**Exercise directions**
Copy the data exactly. Images are to be left out.

**Collected data**

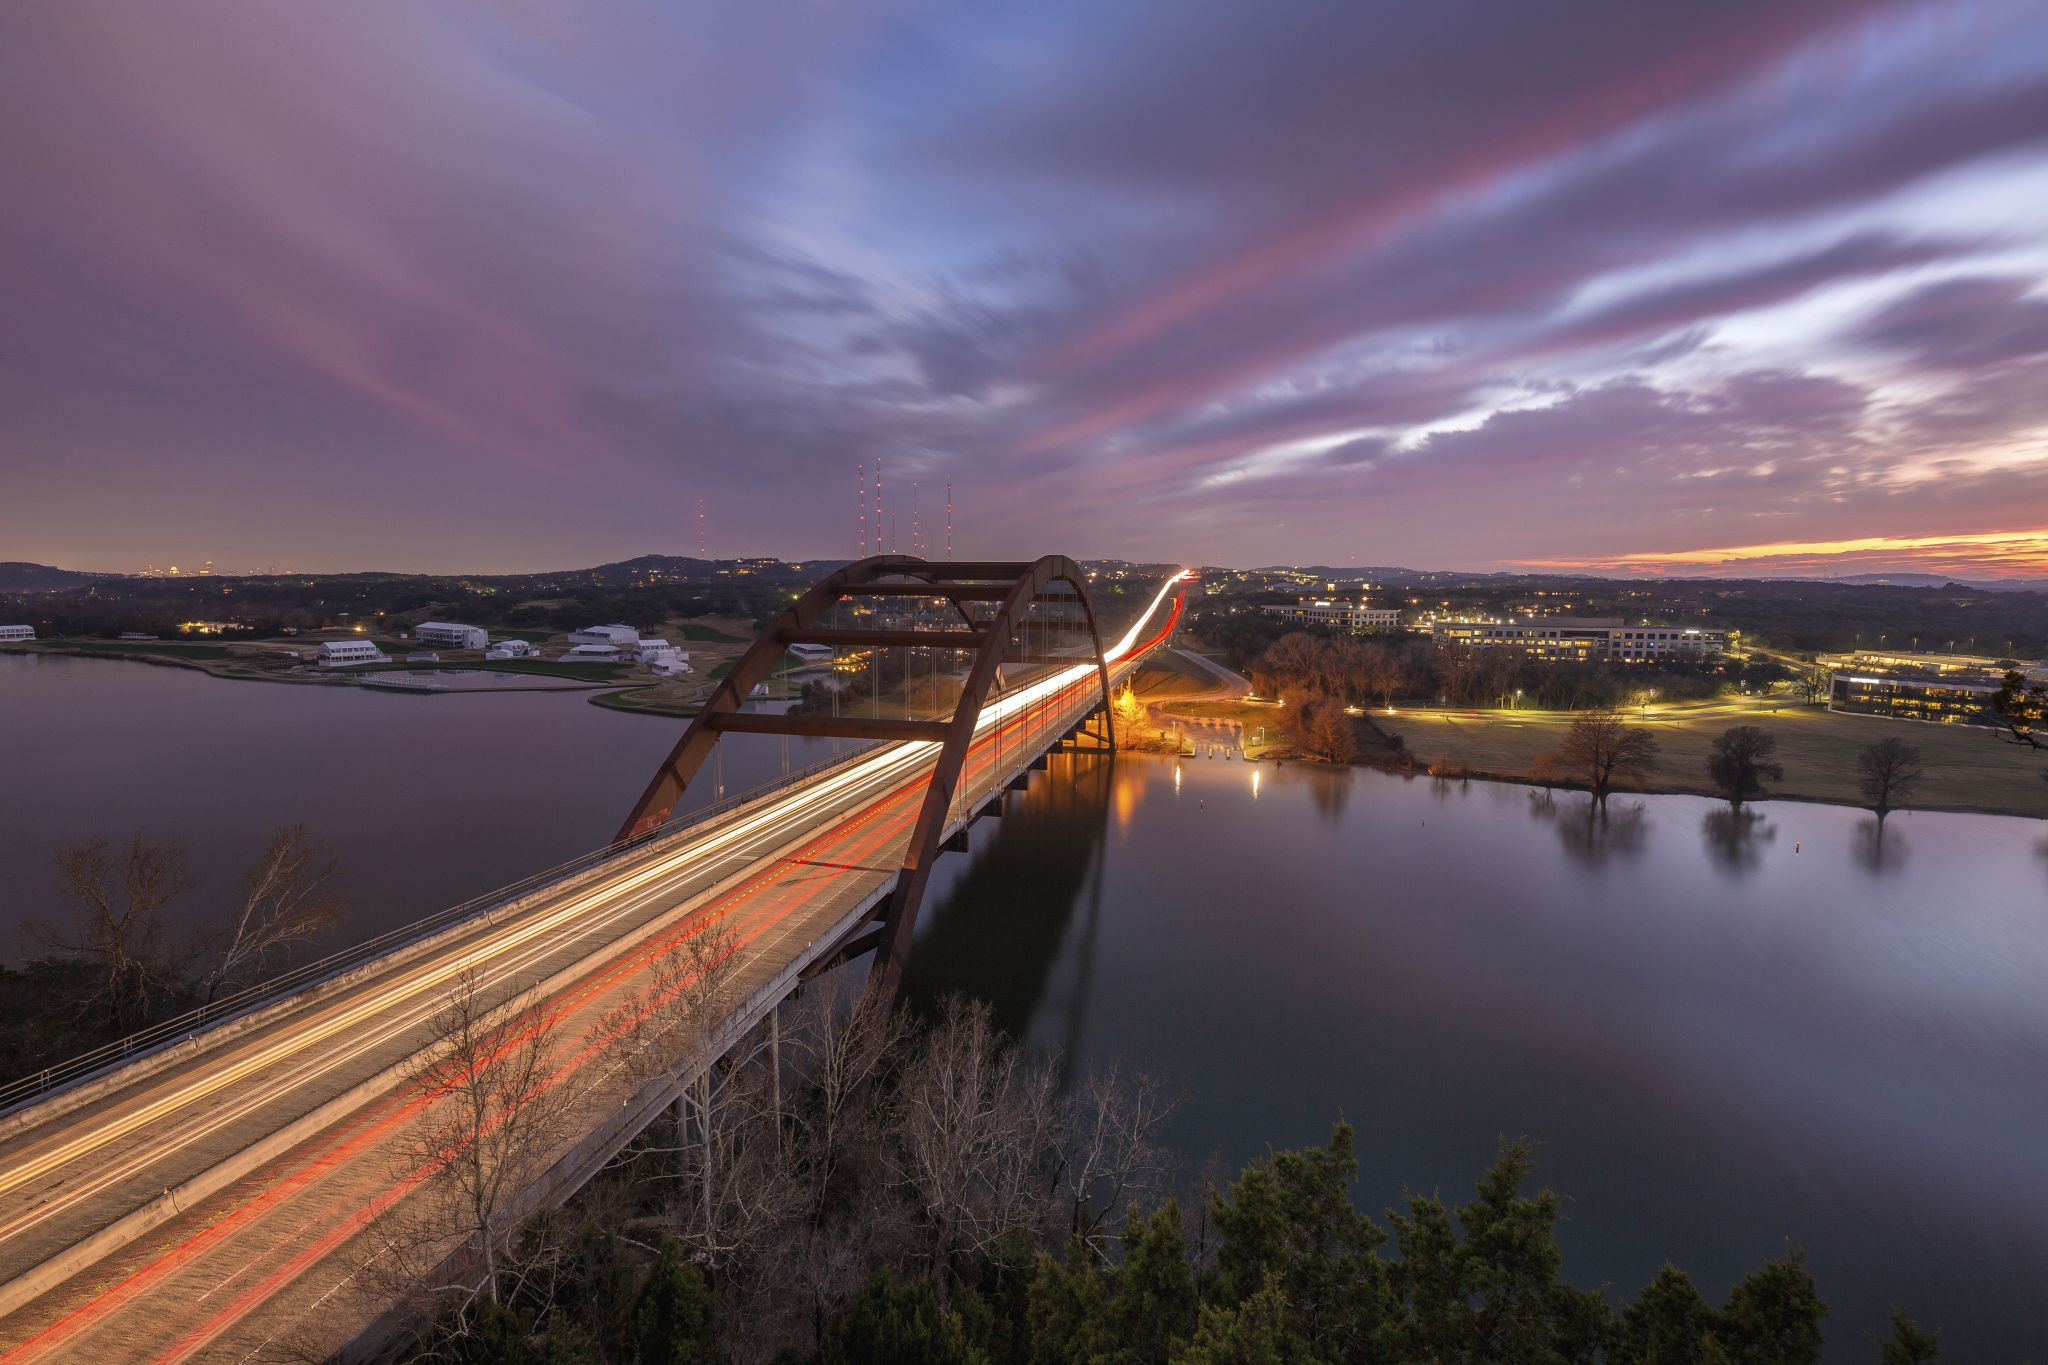 Pennybacker Bridge, USA
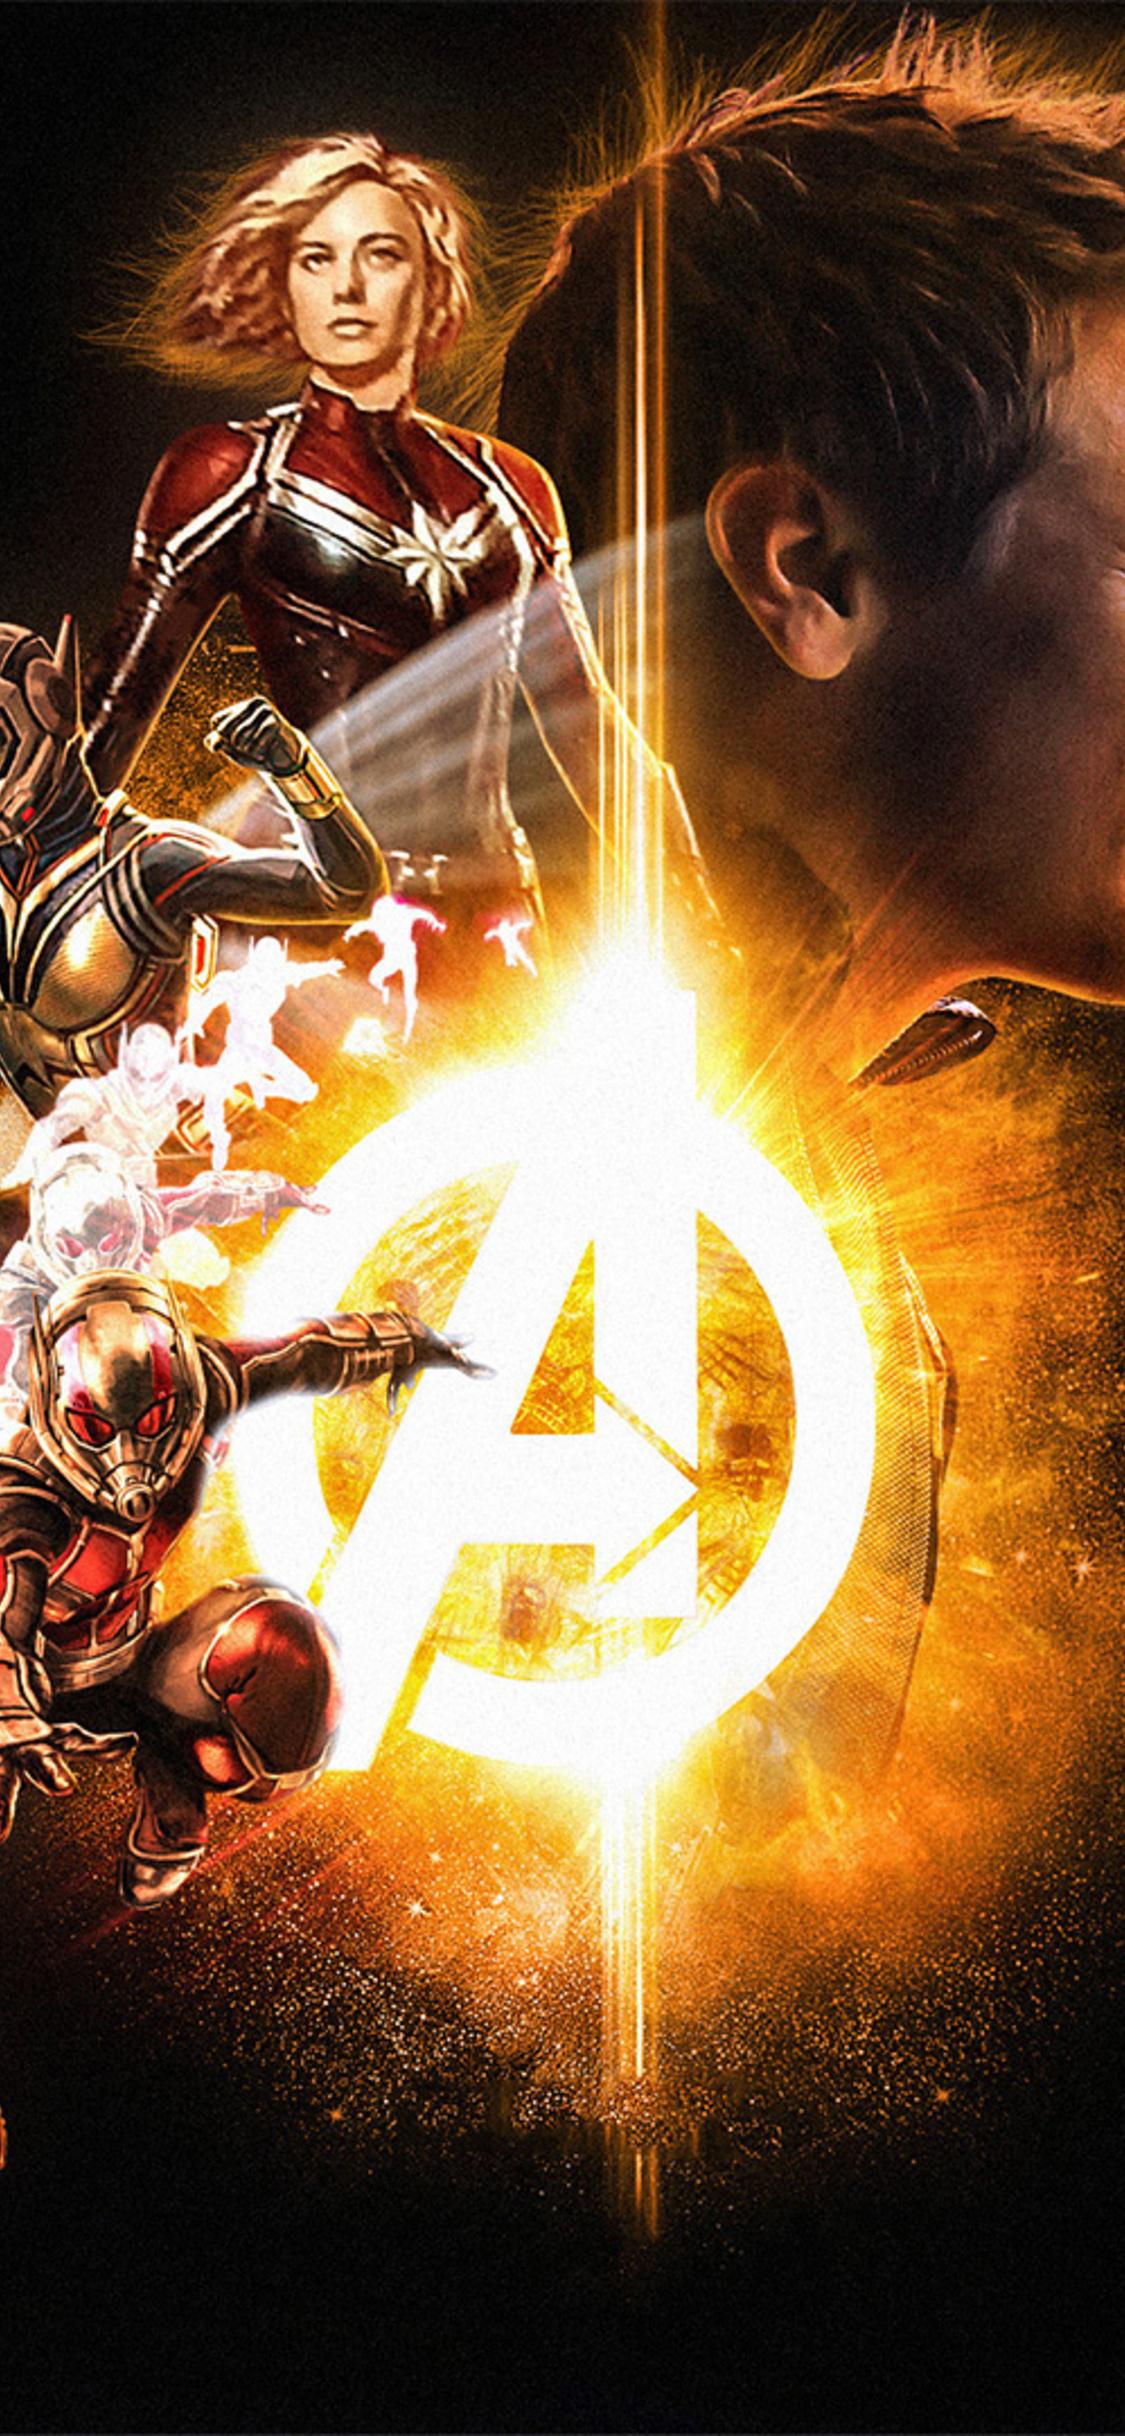 1125x2436 Avengers Infinity War 2018 Soul Stone Poster Iphone Xs
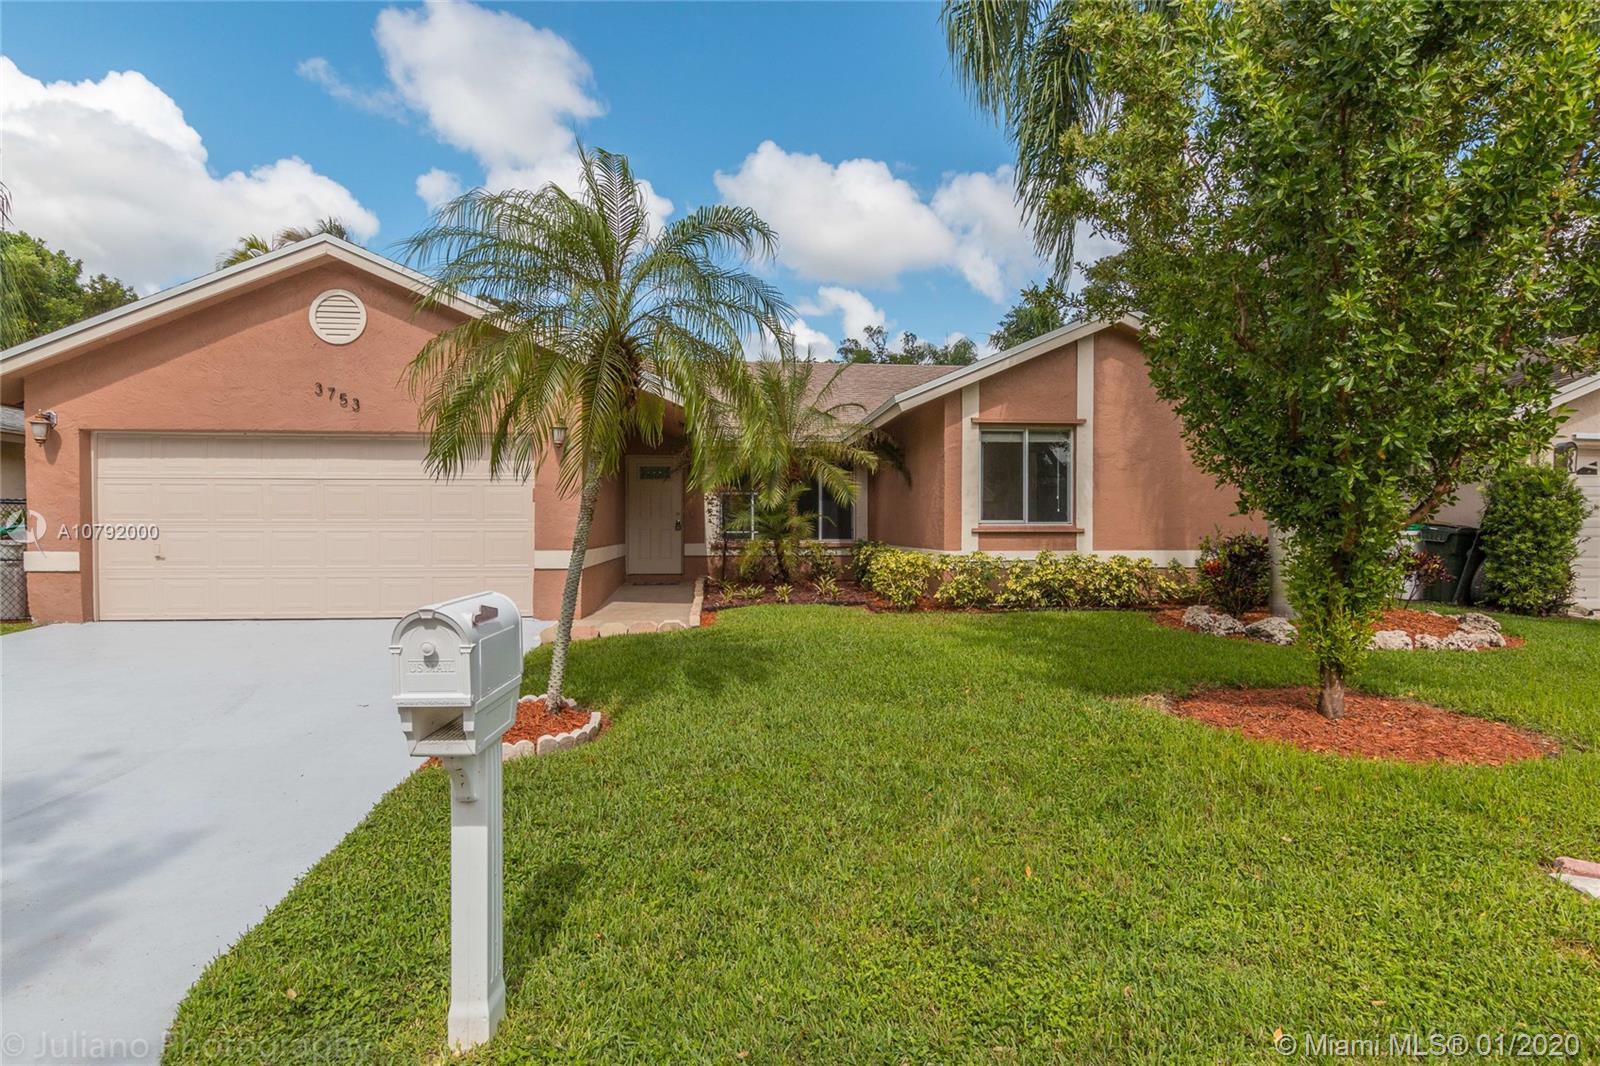 3753 NW 59th St, Coconut Creek, FL 33073

**Reply**
 Pennybacker Bridge, USA
 1125x2436 Avengers Infinity War 2018 Soul Stone Poster Iphone Xs
 3753 NW 59th St, Coconut Creek, FL 33073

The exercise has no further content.